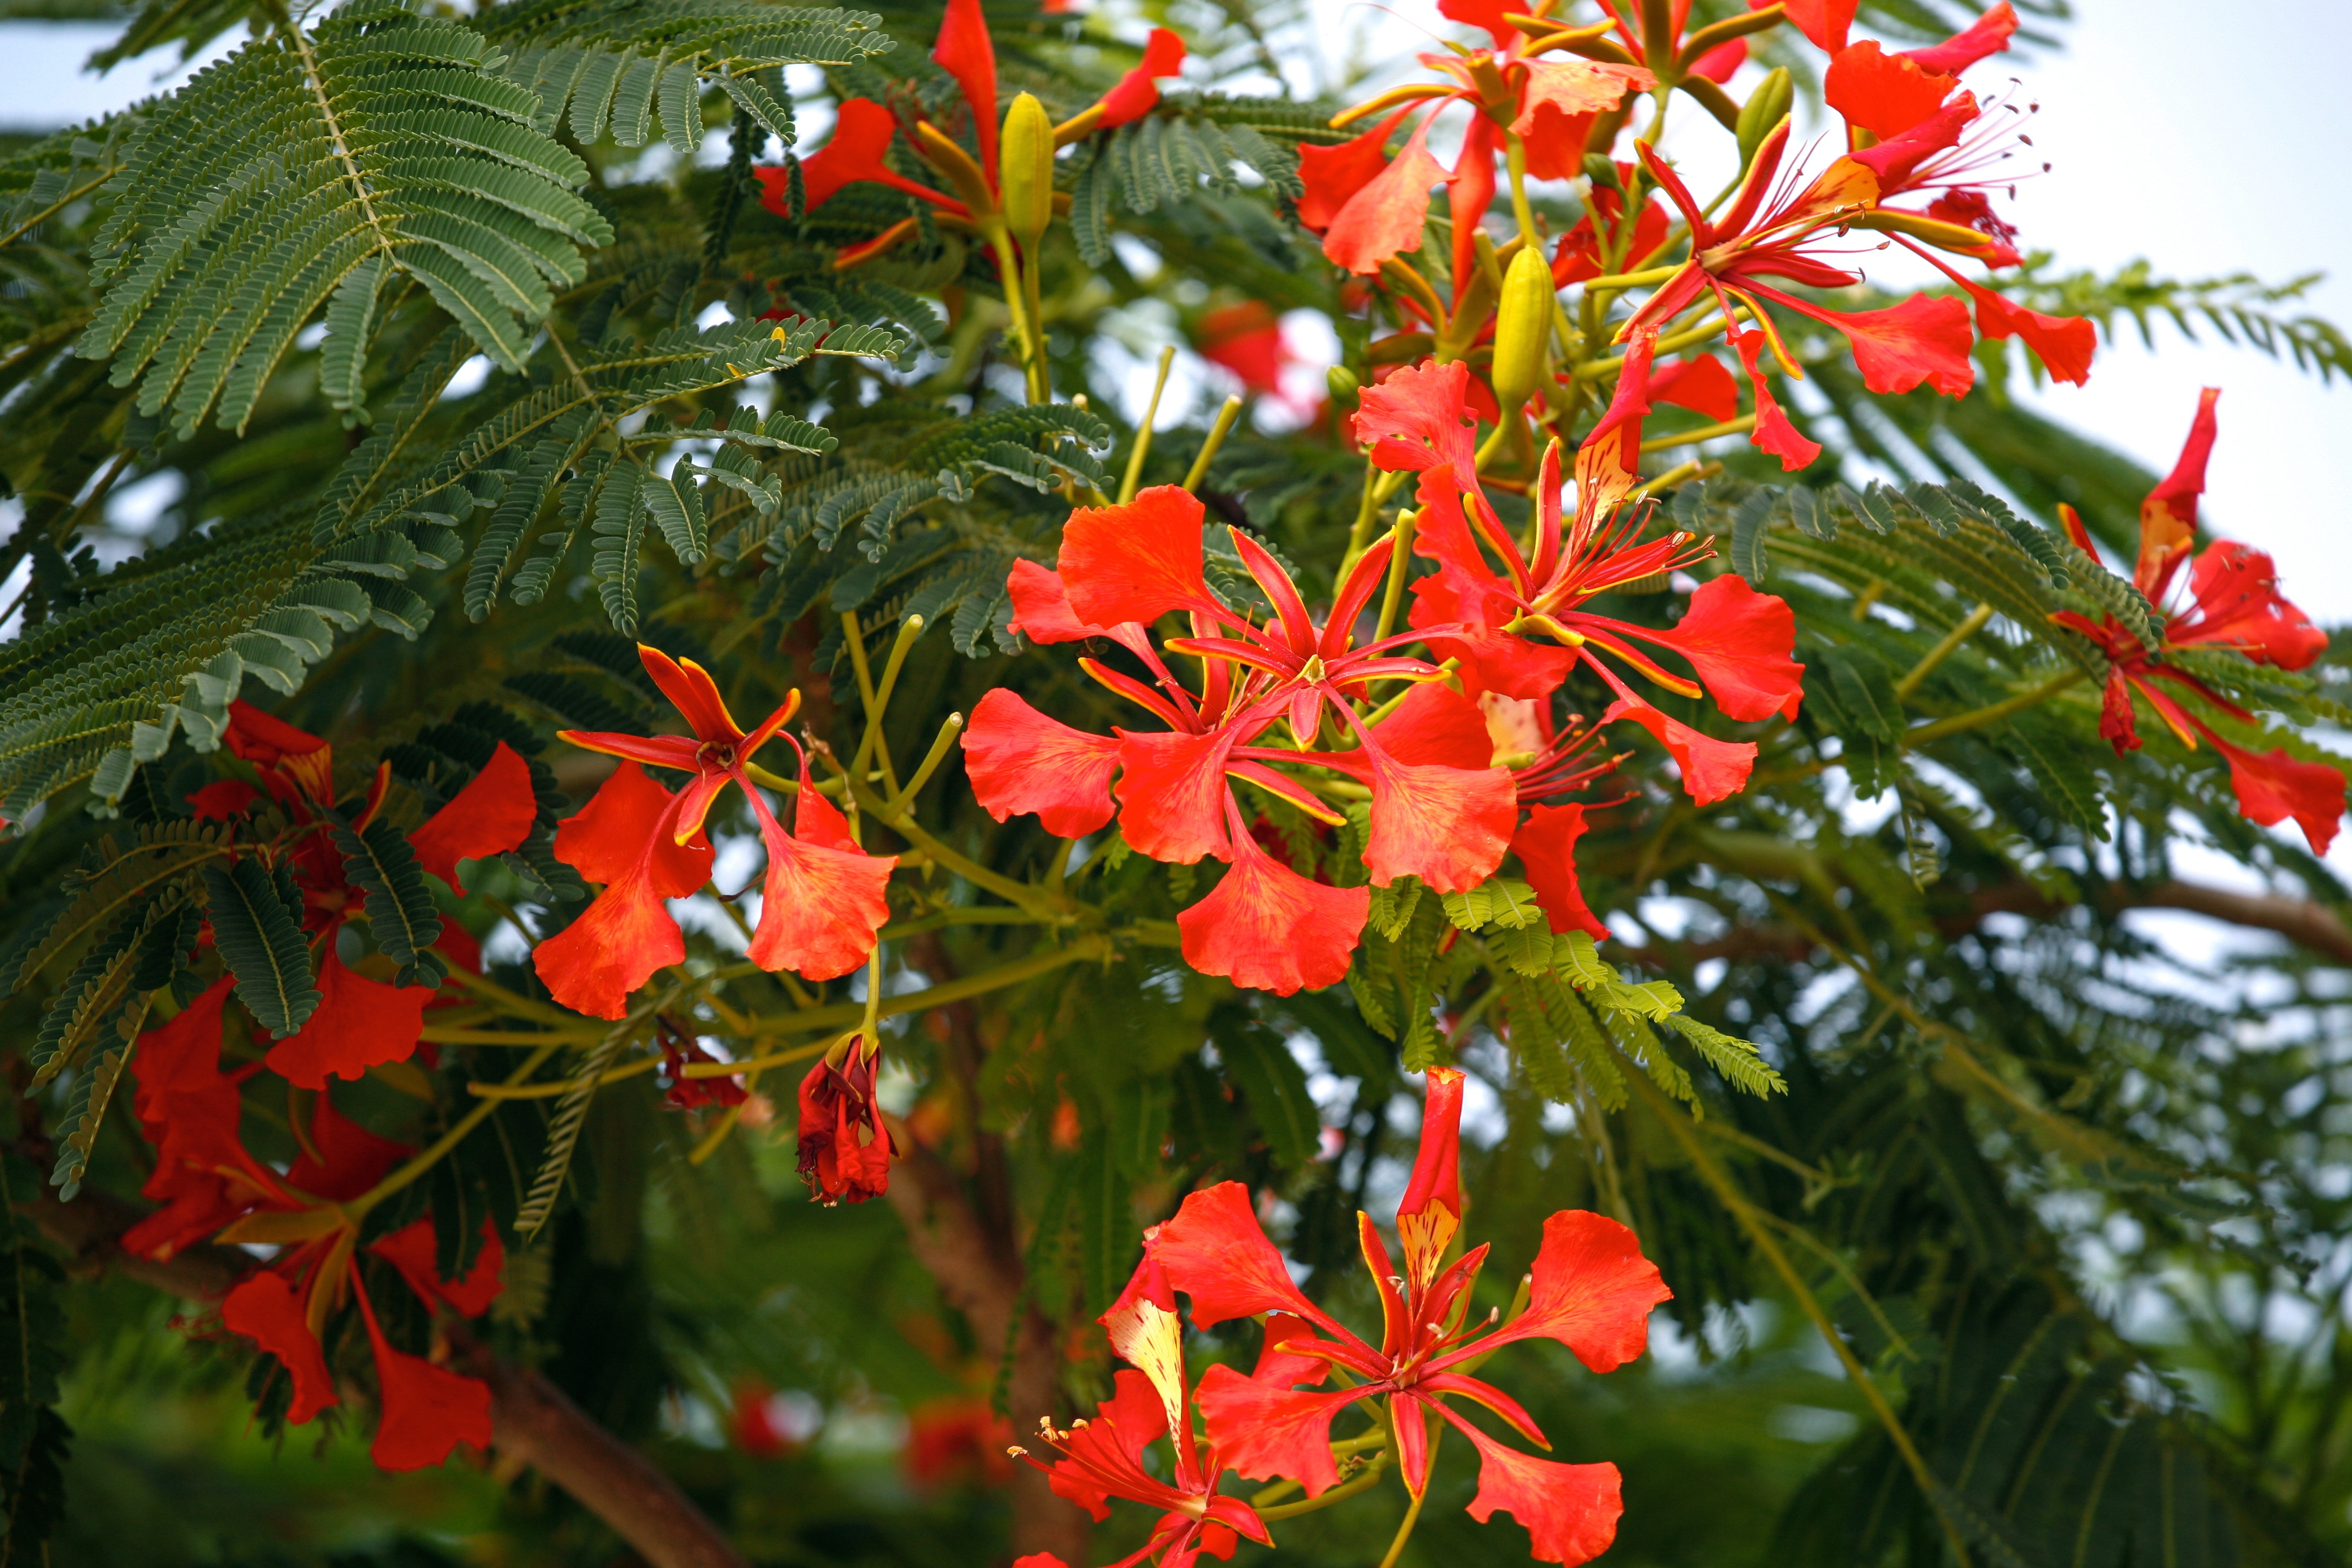 File:Red Flowering Tree Huacachina (7136493787).jpg - Wikimedia Commons
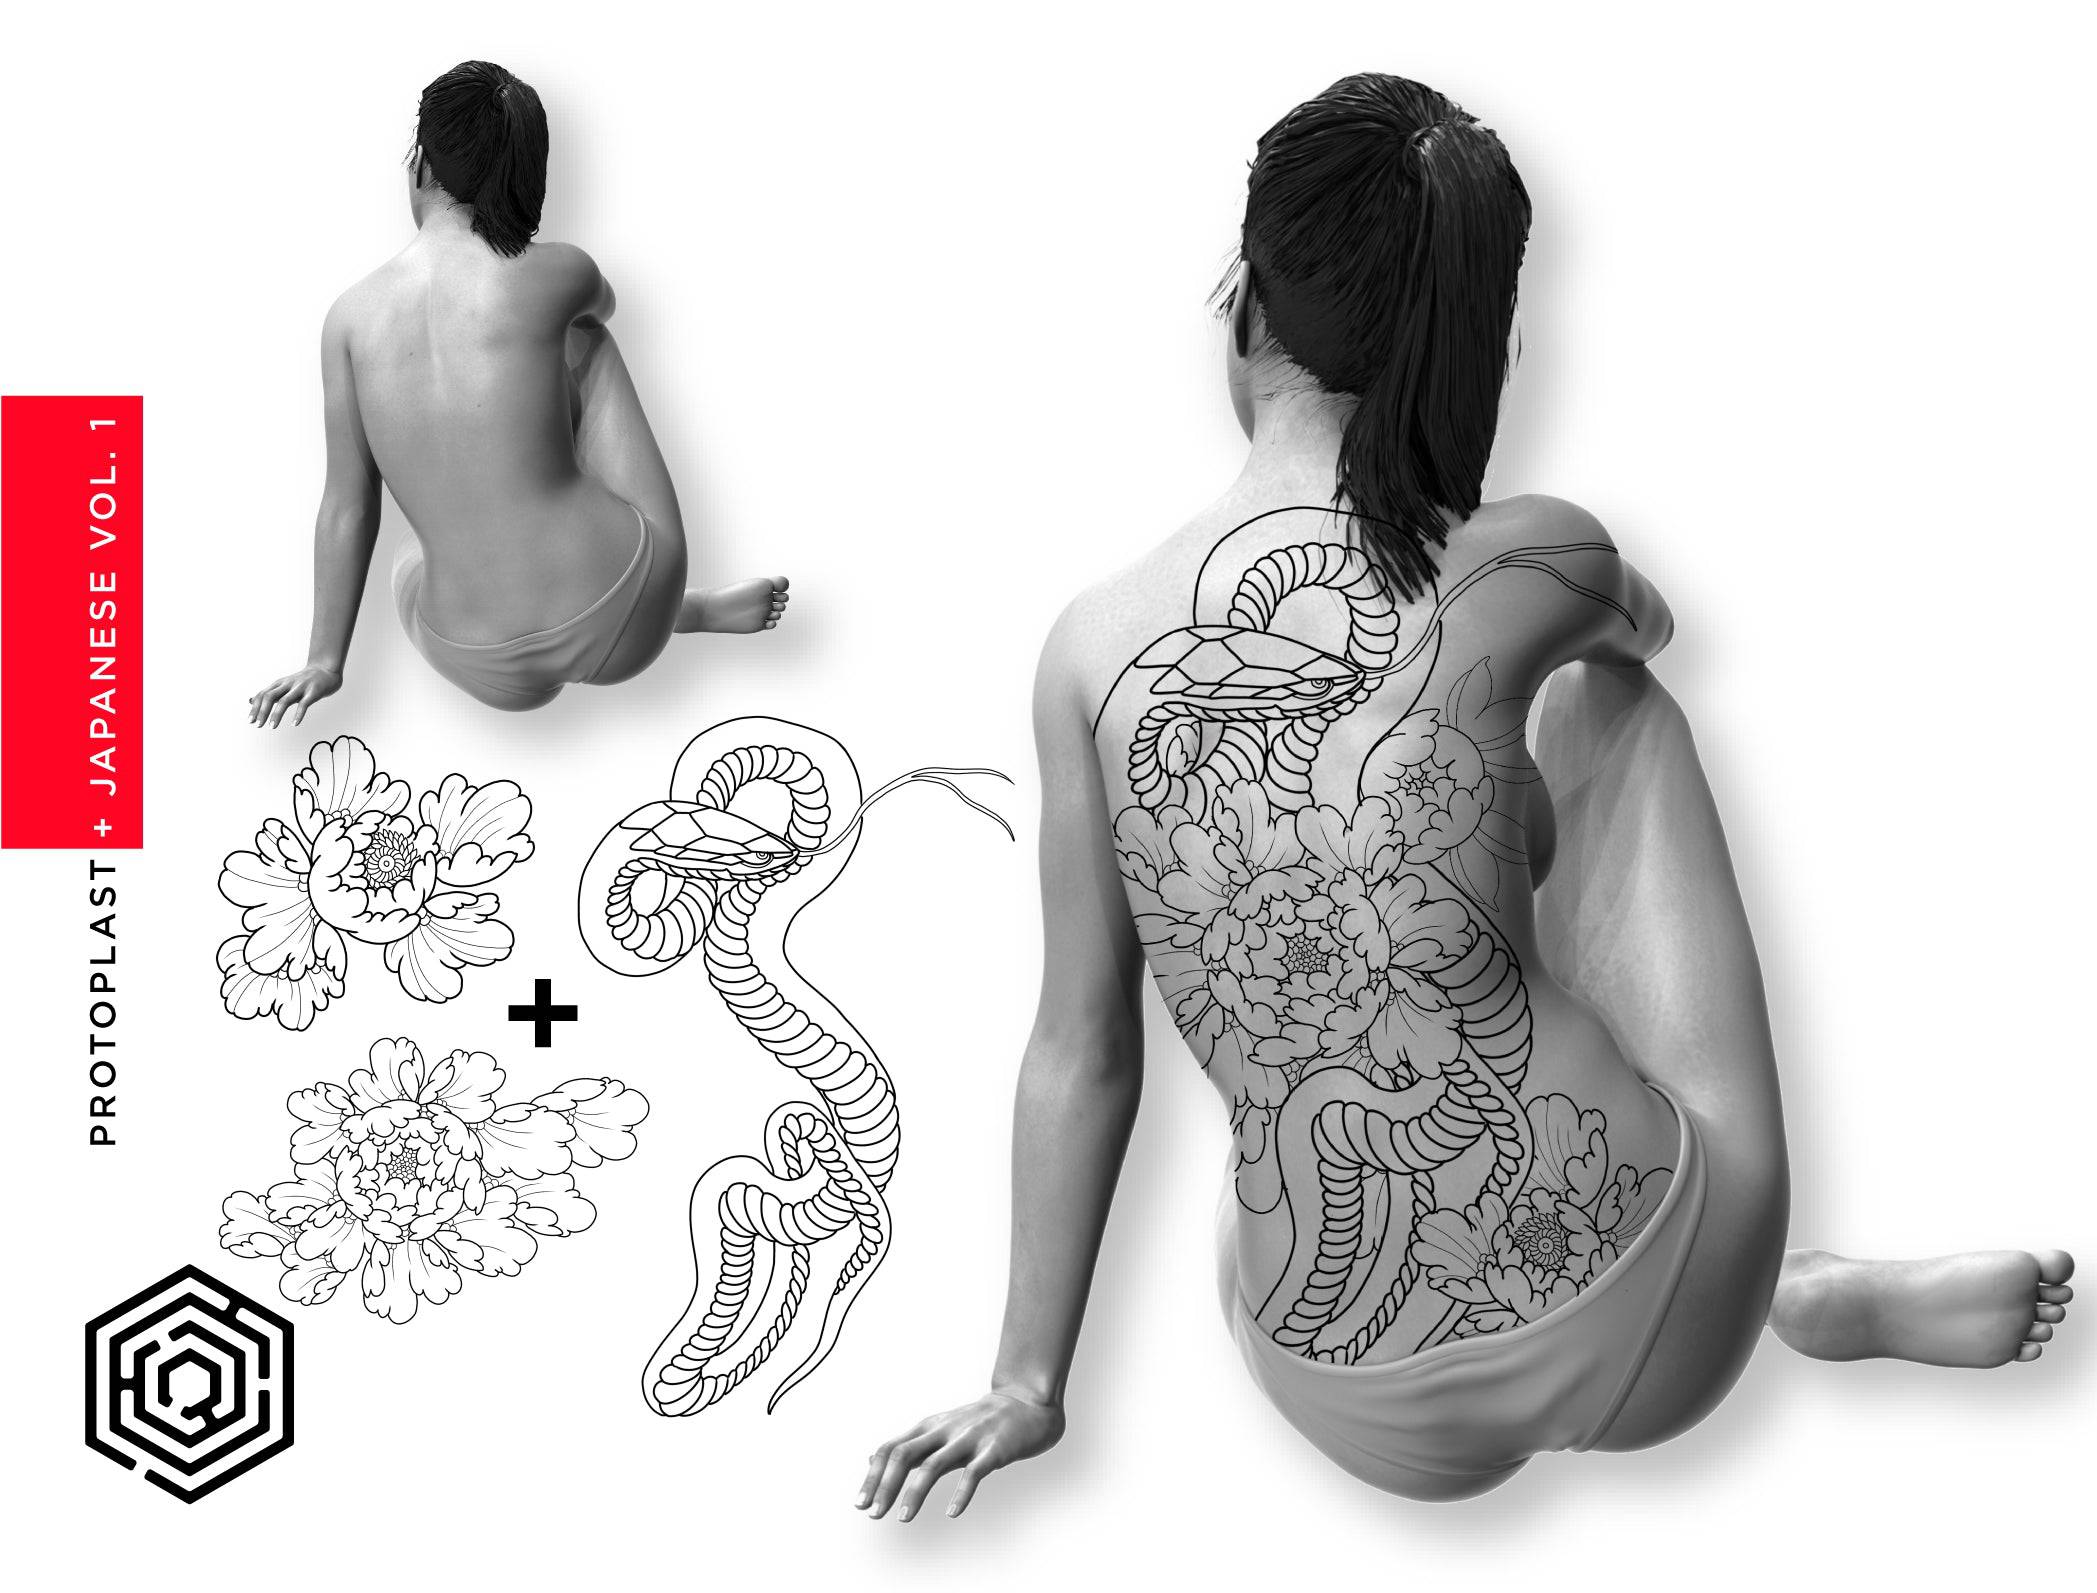 Tool Kit - Procreate Mega-Set: Protoplast Vol. 1 - Tattoo Smart
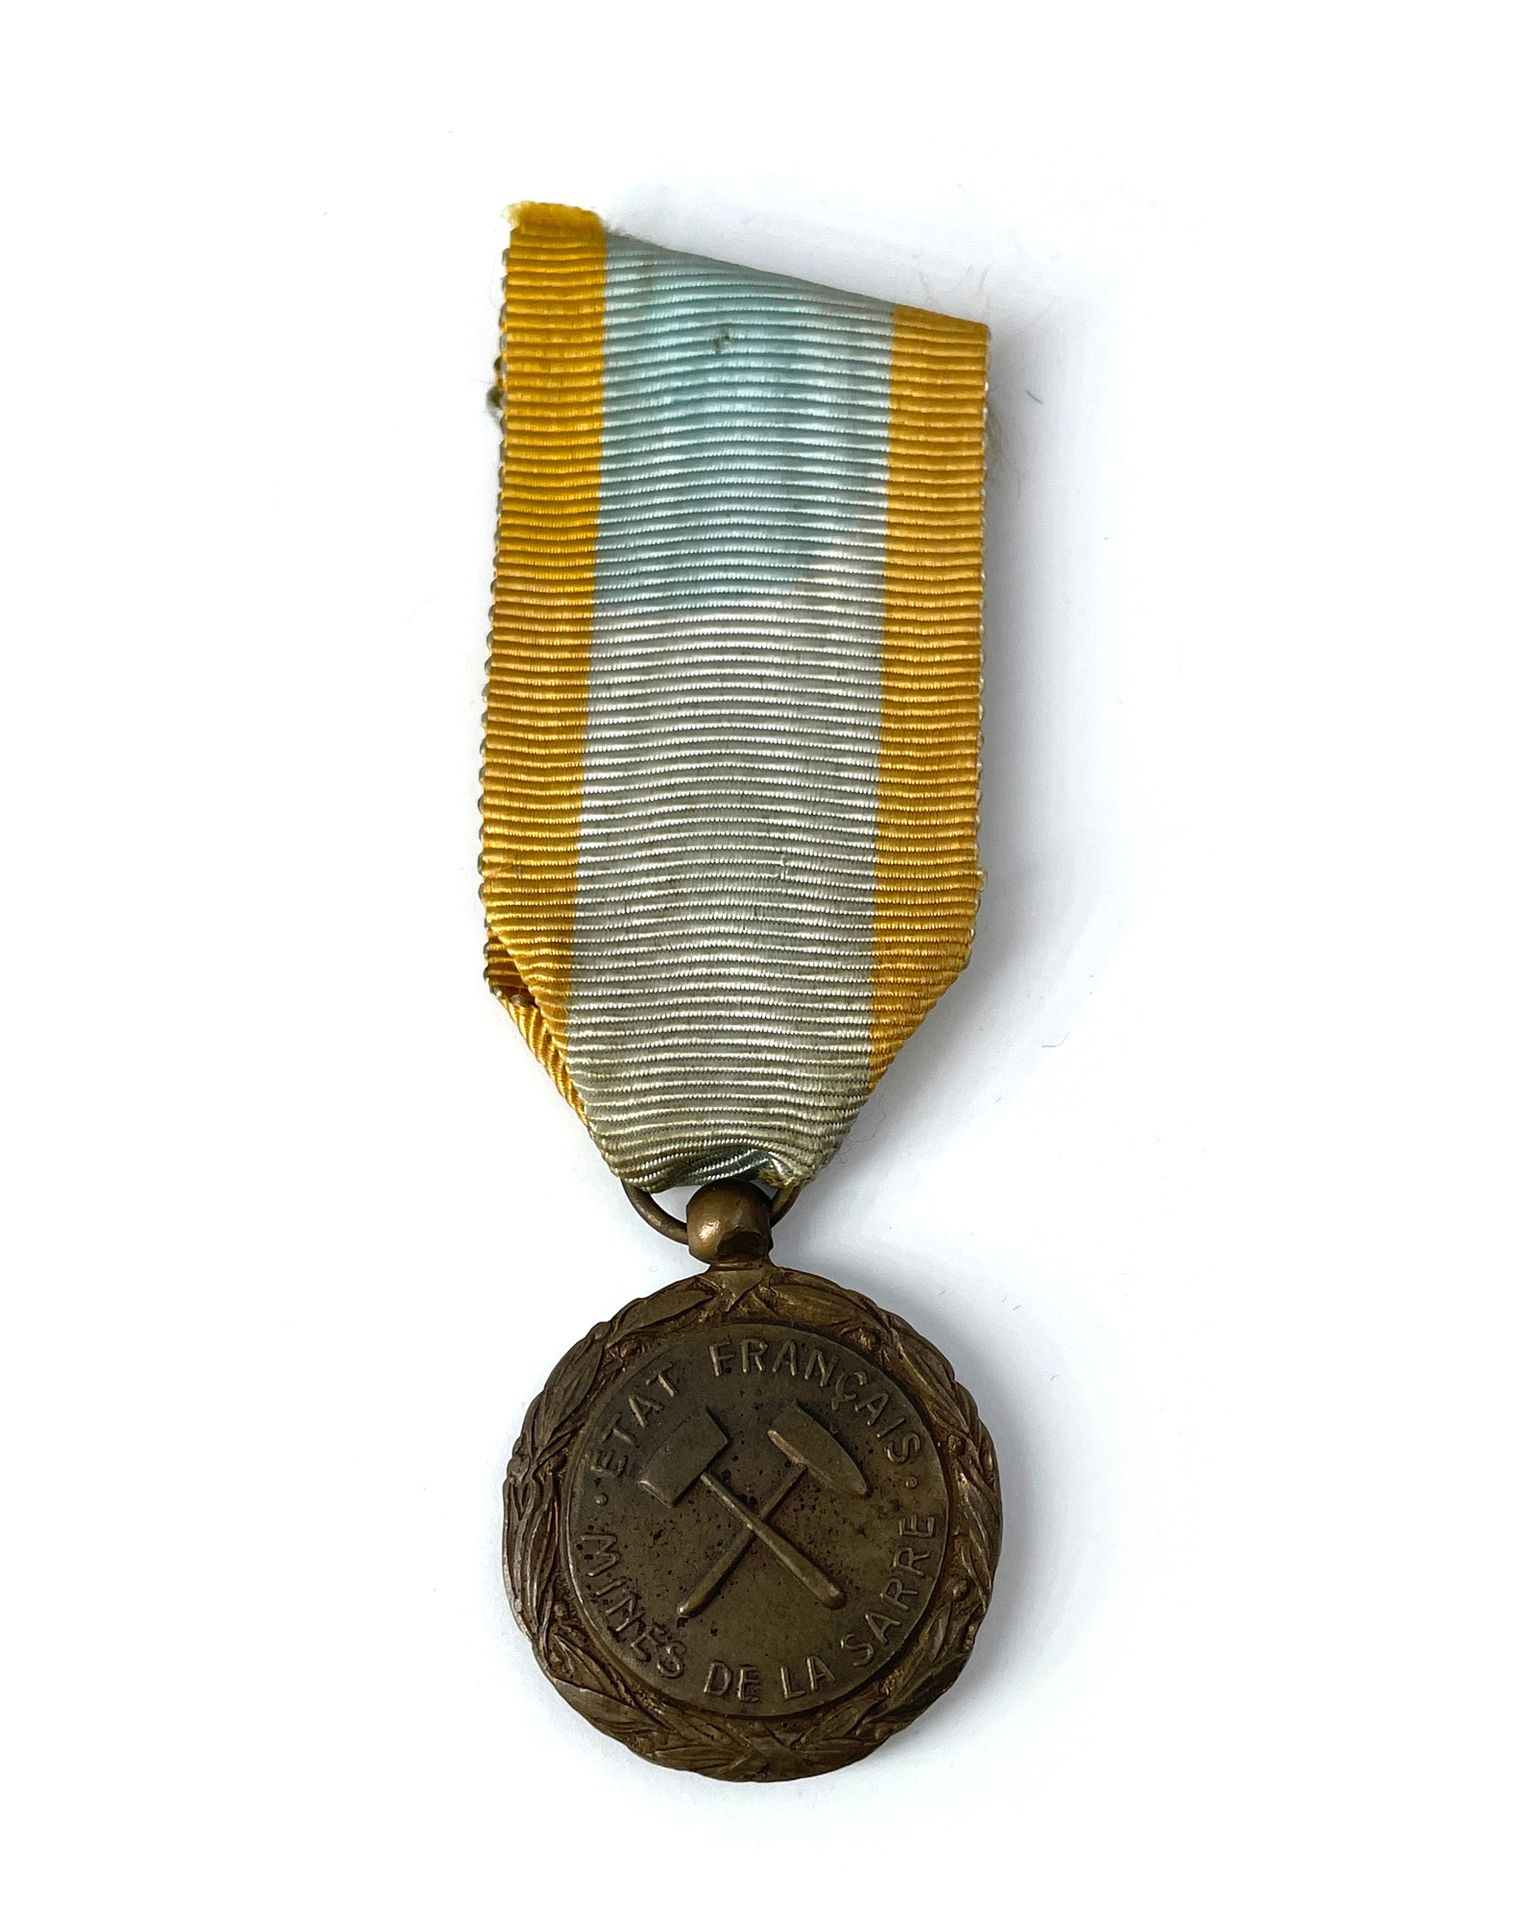 Null FRANCIA Medalla minera del Sarre.
En bronce. Cinta.
30 mm.

Aim of the task
The answer should contain every line of the material exactly as written and no pictures.

Answer to this problem
 File:Red Flowering Tree Huacachina (7136493787).jpg - Wikimedia Commons
 Tool Kit - Procreate Mega-Set: Protoplast Vol. 1 - Tattoo Smart
 Null FRANCIA Medalla minera del Sarre.
En bronce. Cinta.
30 mm.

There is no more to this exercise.